A biblioteca escolar representa o primeiro contato formal do estudante com a leitura, principalmente se a leitura não for uma prática familiar. Quando a leitura não ocorre no ambiente familiar, a biblioteca escolar passa a ser determinante para promover o gosto pela leitura, atividade que fará diferença na formação do indivíduo (VALENTIM, 2016, p. 25).
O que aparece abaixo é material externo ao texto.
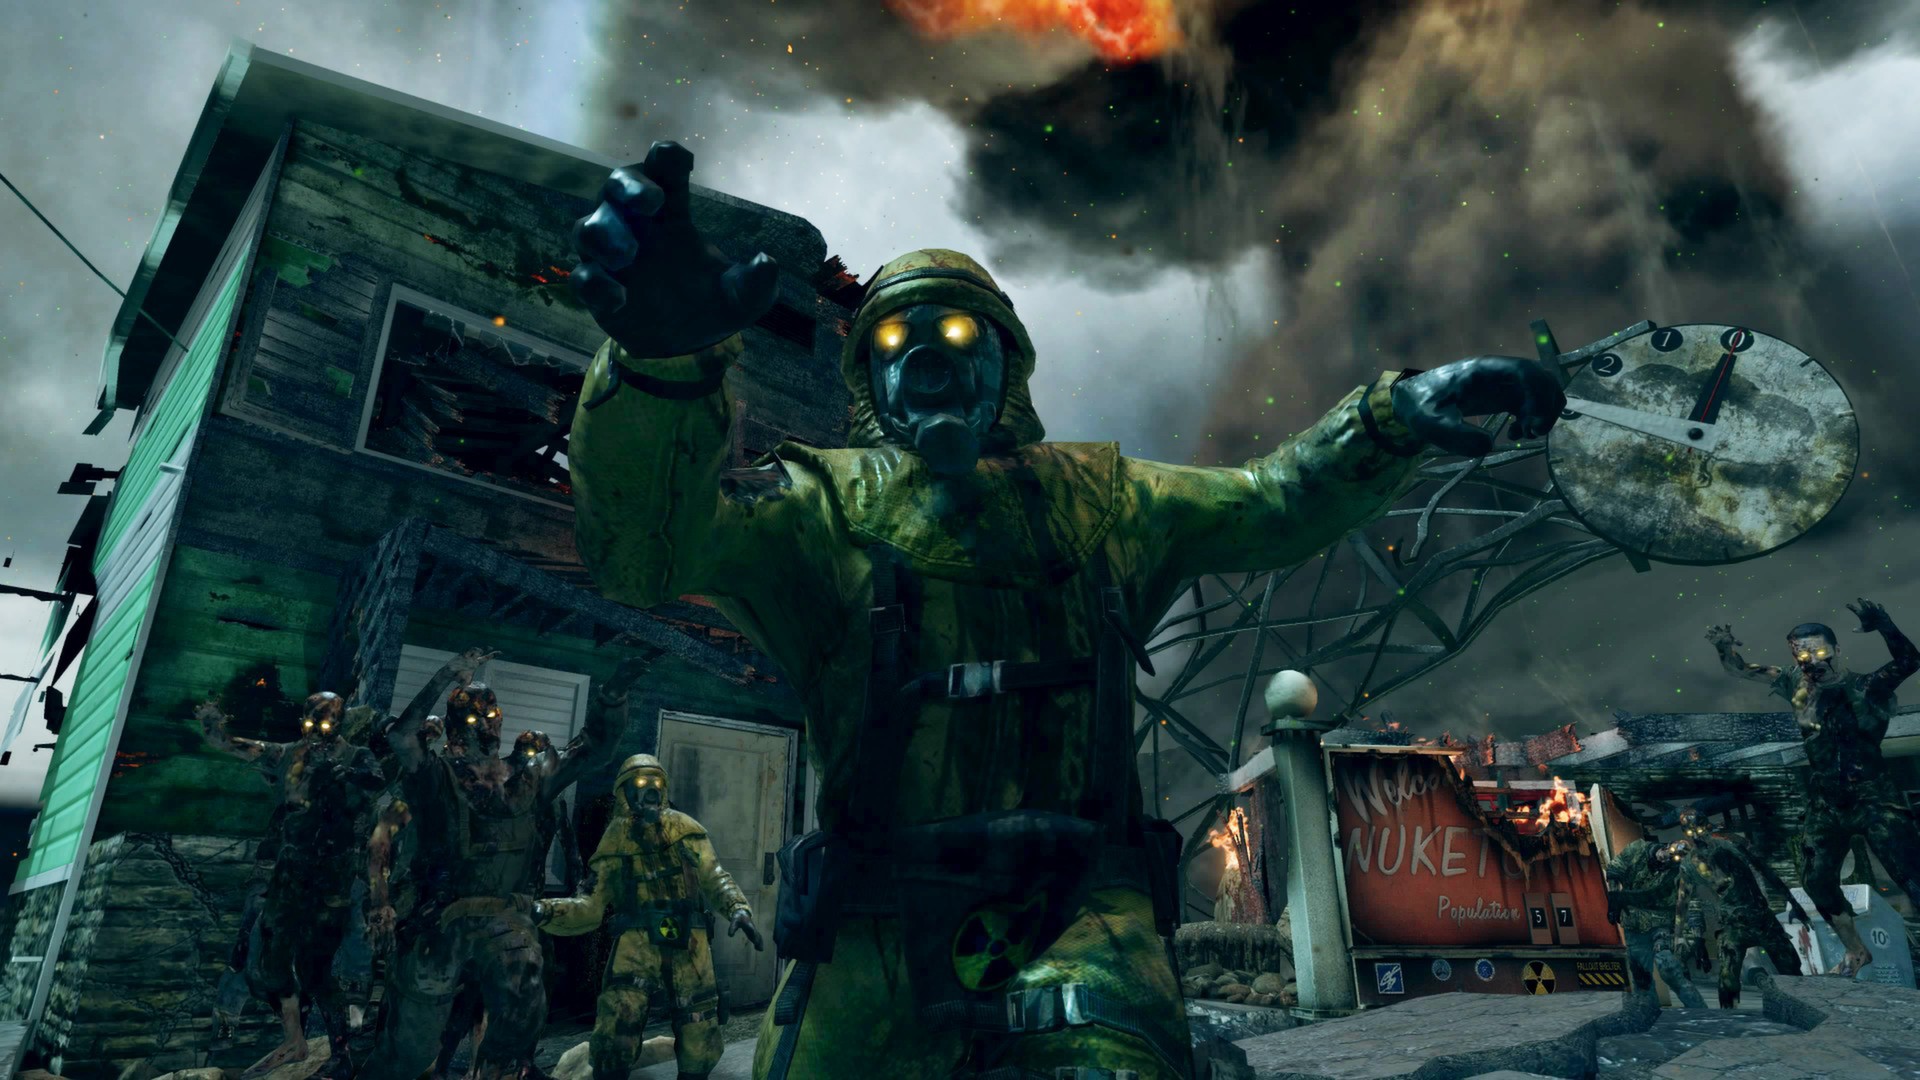 Call of Duty®: Black Ops II - Nuketown Zombies Map Featured Screenshot #1

Além da leitura variada de livros, revistas, jornais e gibis, a biblioteca deverá oferecer os recursos de multimídia, atraentes para os mais jovens. O espaço para um público dos doze aos dezessete anos dificilmente terá frequência se não for além da leitura convencional. (MILANESI, 2002, p. 63). Essas bibliotecas devem ser atrativas e não apenas um local de estudo, mas sim, um ambiente de ensino, de múltiplas possibilidades, para estabelecer uma boa integração com seus usuários, tornando os mesmos, participativos, no desenvolvimento da sua unidade, seja, no âmbito estrutural, bibliográfico, informacional ou intelectual.
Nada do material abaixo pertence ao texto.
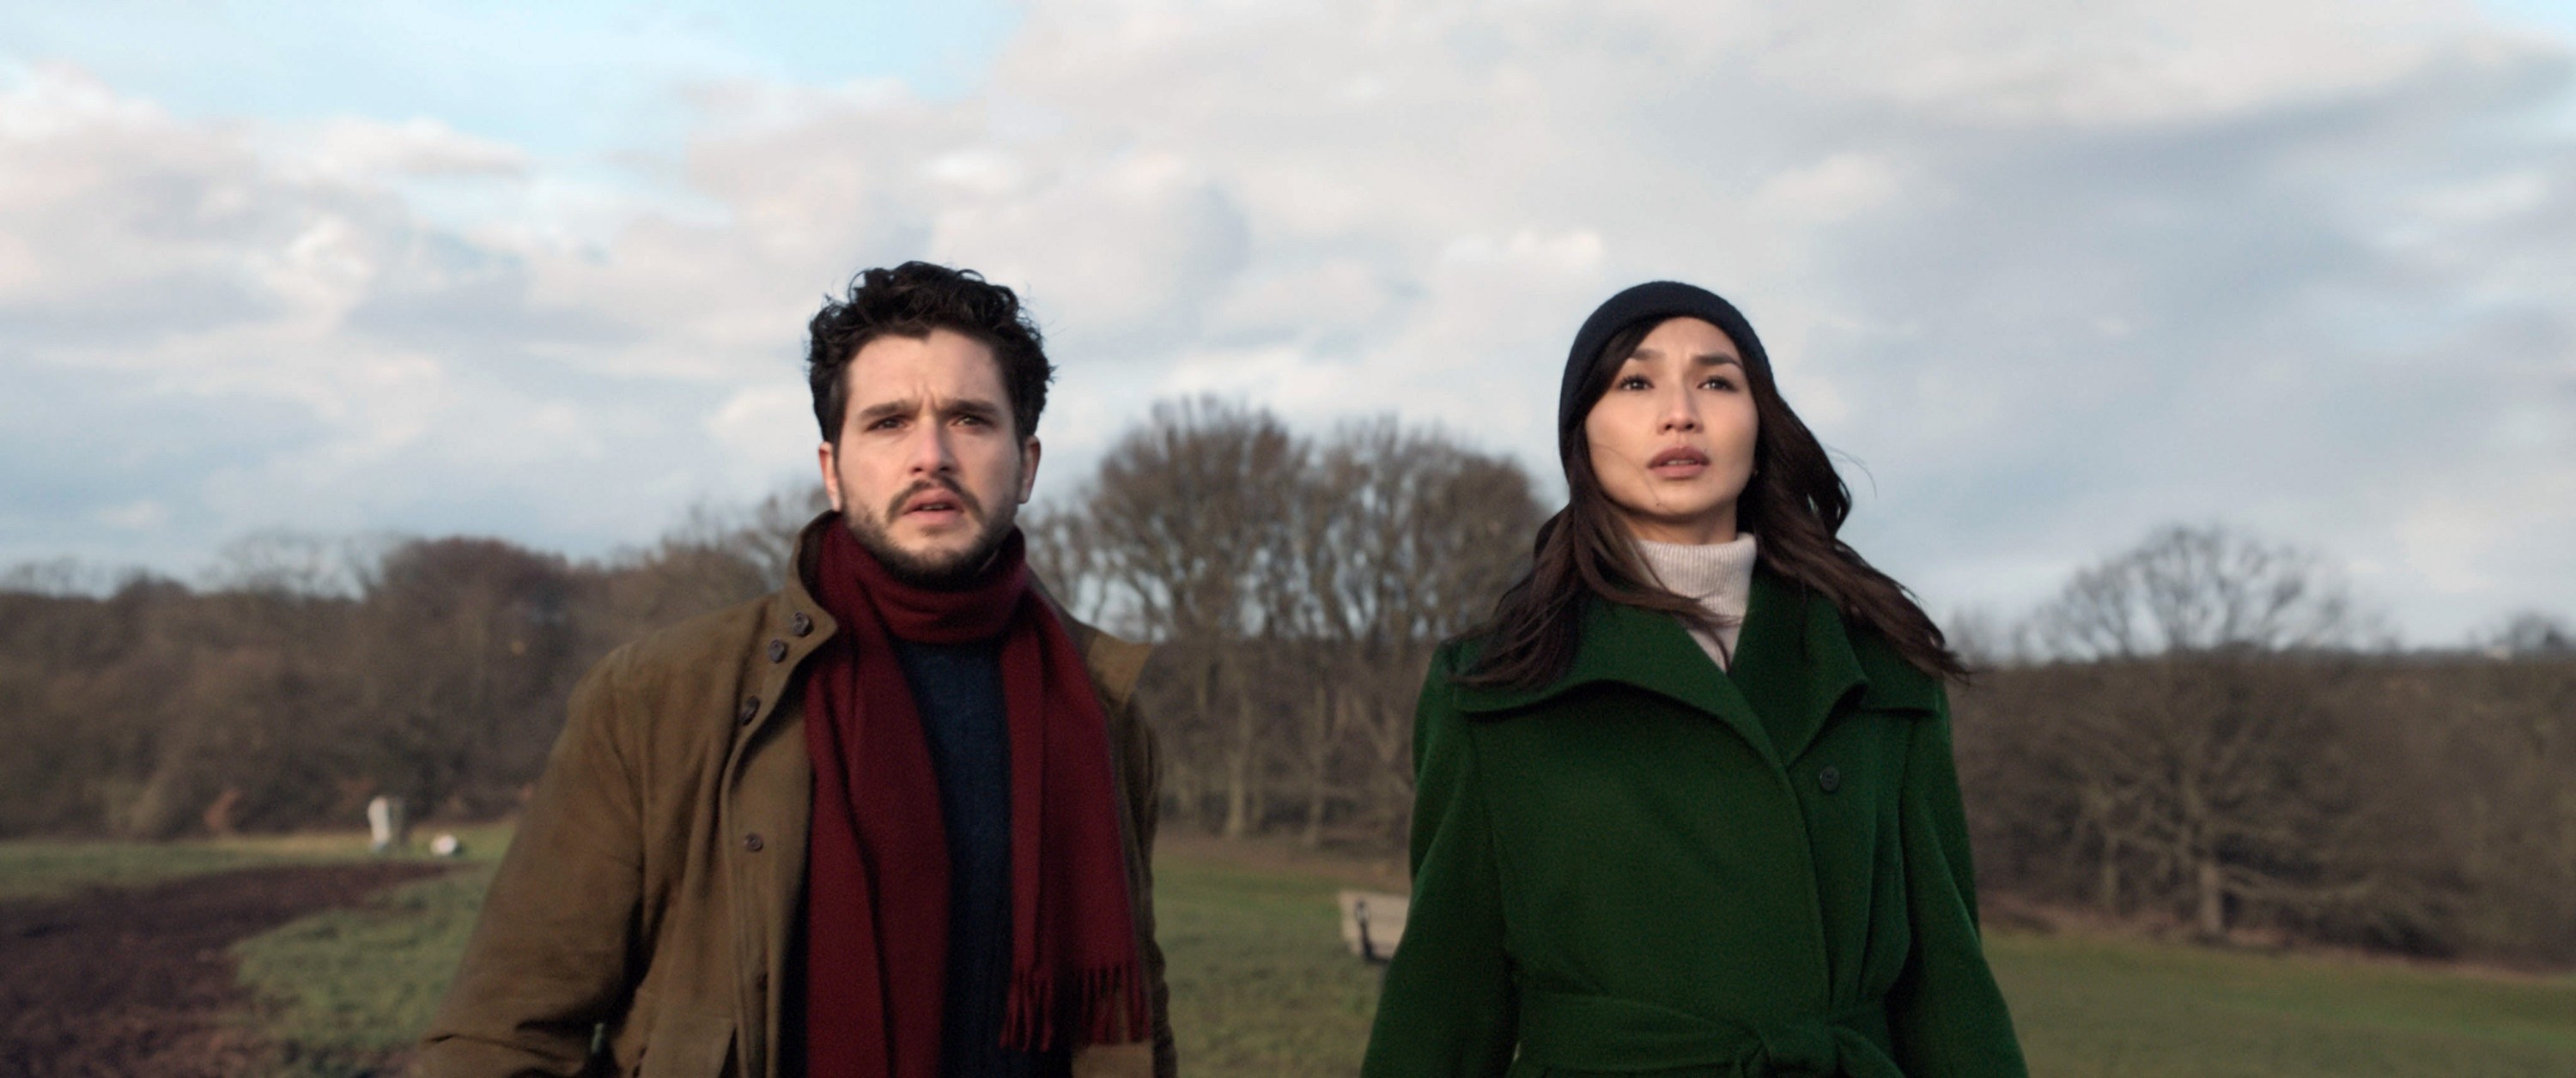 Kit and Gemma Chan, who plays Sersi, outdoors

Se as bibliotecas públicas são as instituições mais pobres do universo bibliotecário, as bibliotecas escolares são paupérrimas. Relegadas a um canto, sob a custódia de um professor afastado da função docente (como se a função da biblioteca não fosse por si só essencialmente educacional), sobrevivendo às custas de doações de livros muitas vezes inadequados, levam uma existência vegetativa. É claro que há exceções, tanto no setor público quanto no privado, mas são tão poucas no quadro geral do país, que se torna dispensável procurar mencioná-las. (BRIQUET LEMOS, 2008, p. 108-109).
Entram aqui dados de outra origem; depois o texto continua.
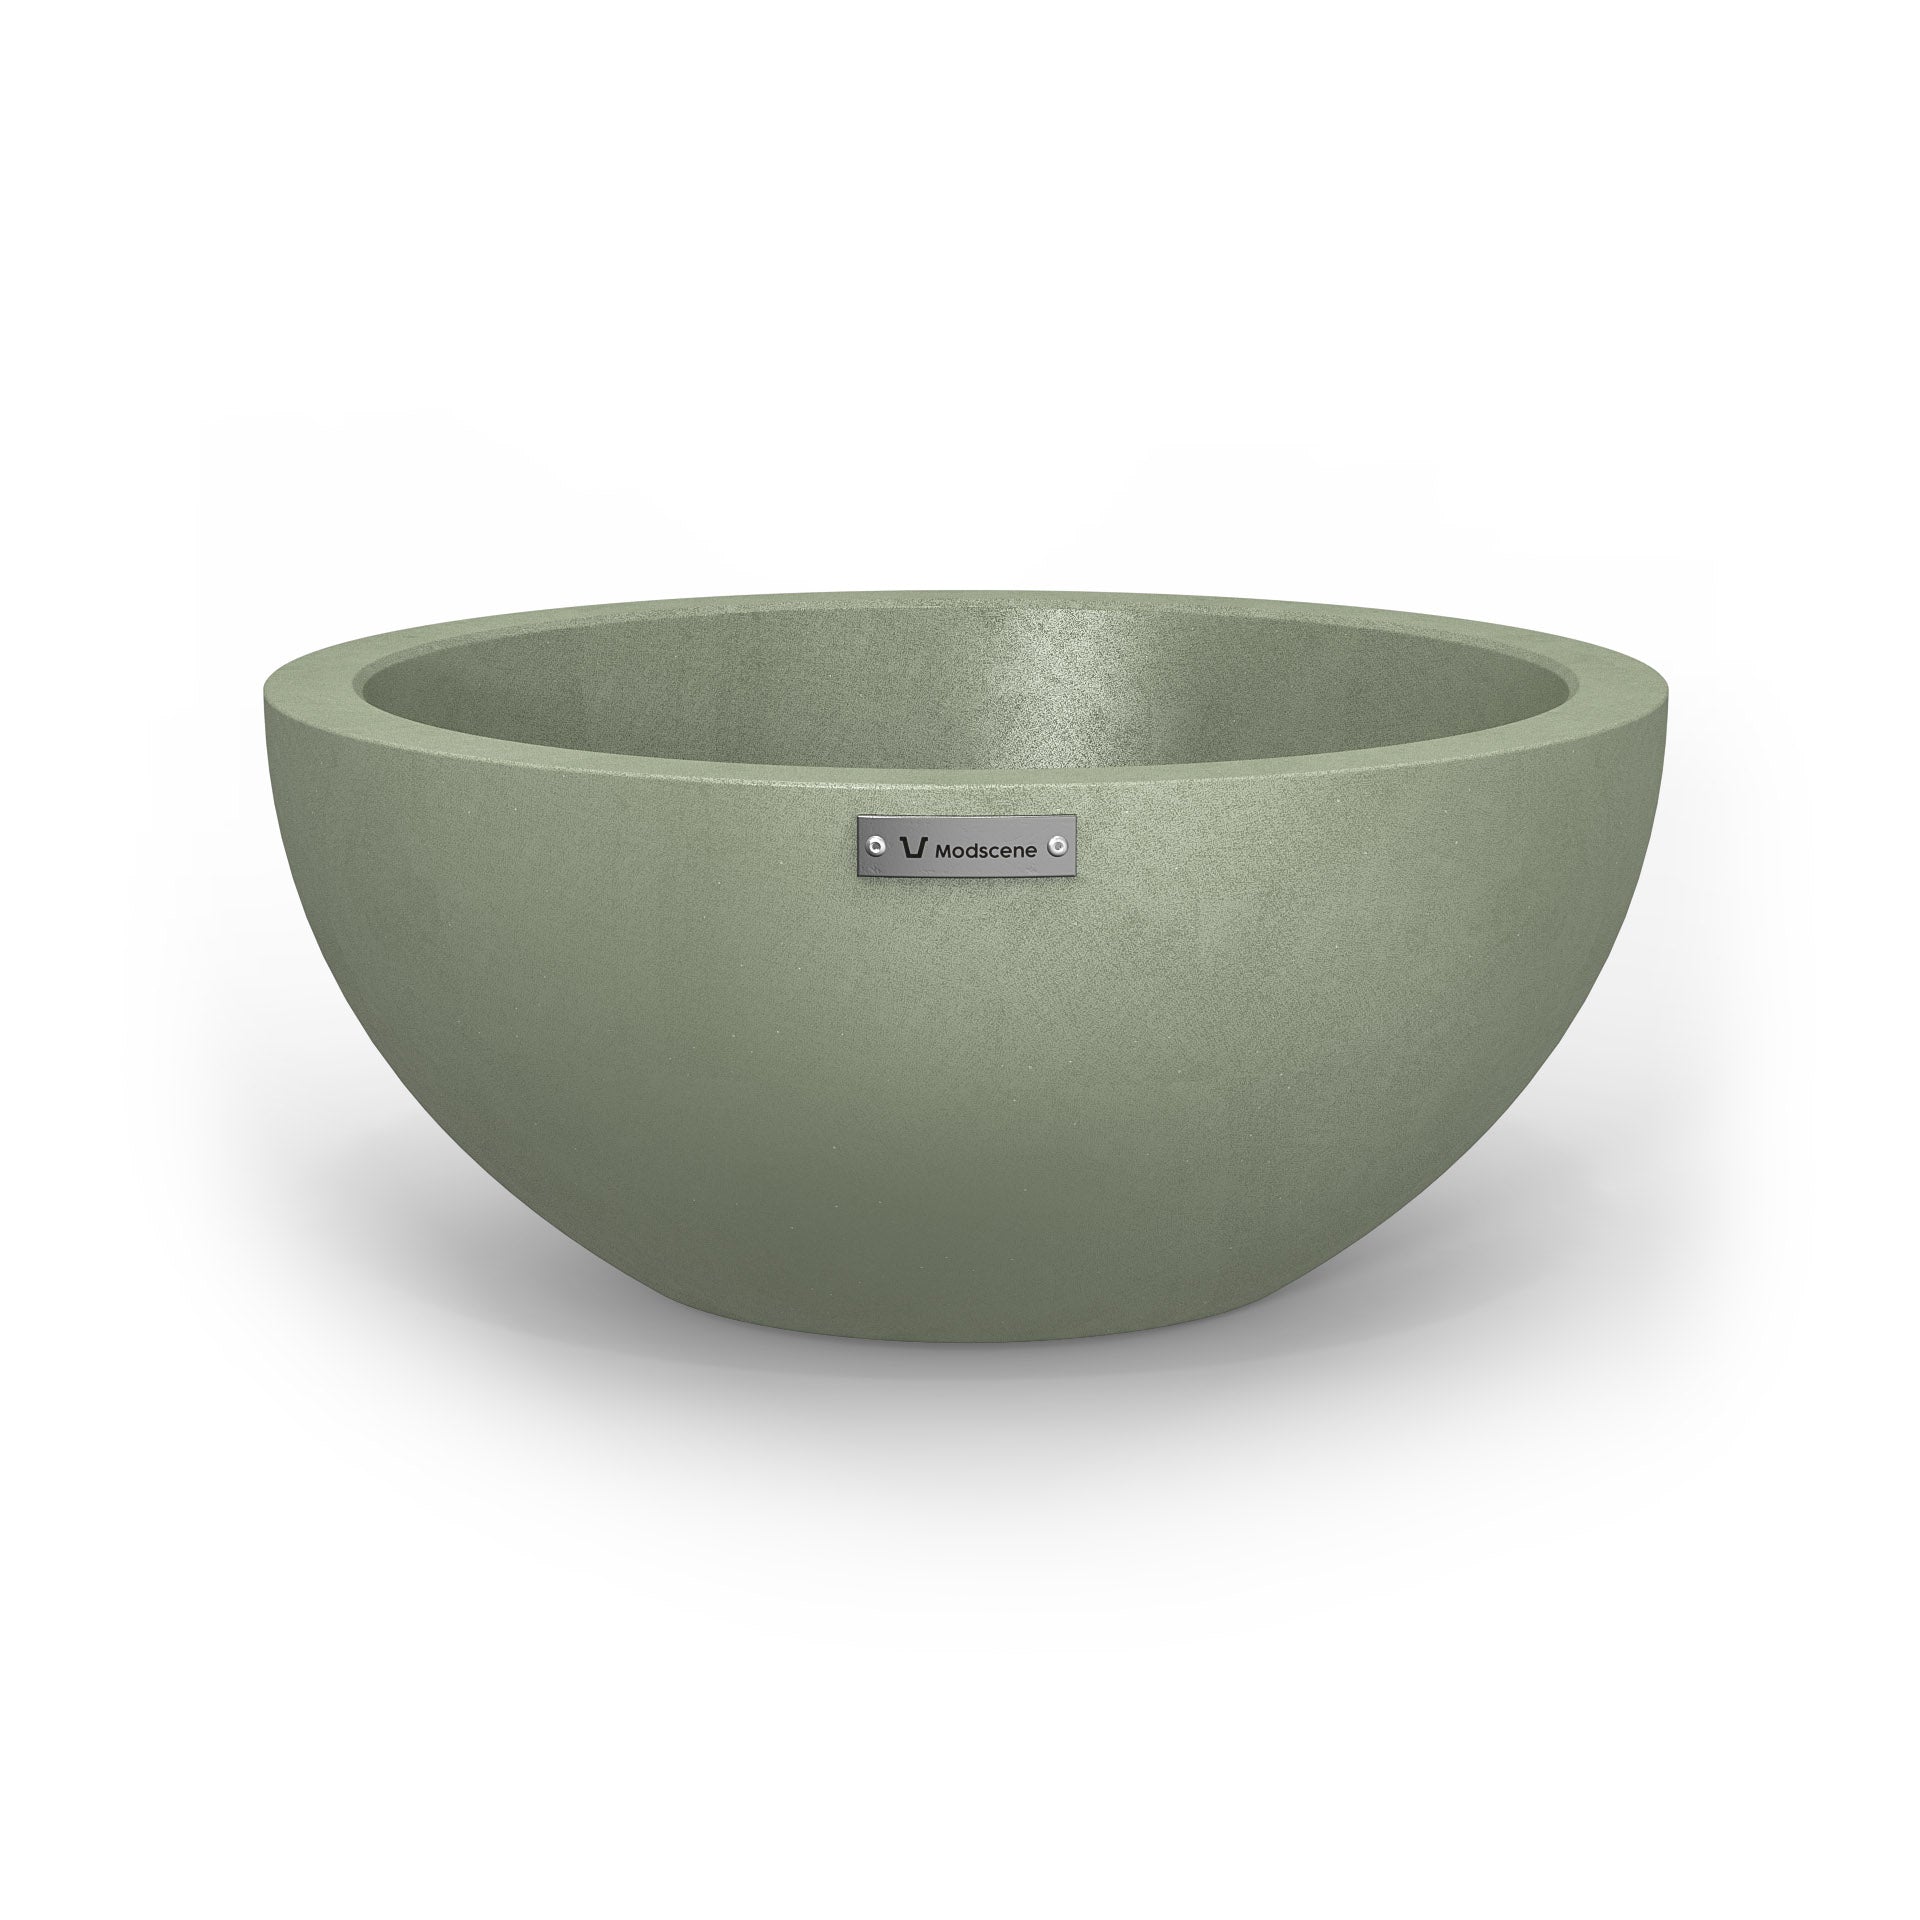 A small Modscene planter bowl in pastel green with a concrete look finish.

As bibliotecas escolares devem girar em torno da comunidade, assim é interessante ressaltar, que as bibliotecas se diferem entre si, por suas condições culturais, sociais e sócio econômicas, o que acaba afetando em sua estrutura organizacional, a qual será desenvolvida de acordo com as possibilidades e recursos disponíveis em cada escola onde ela se insere.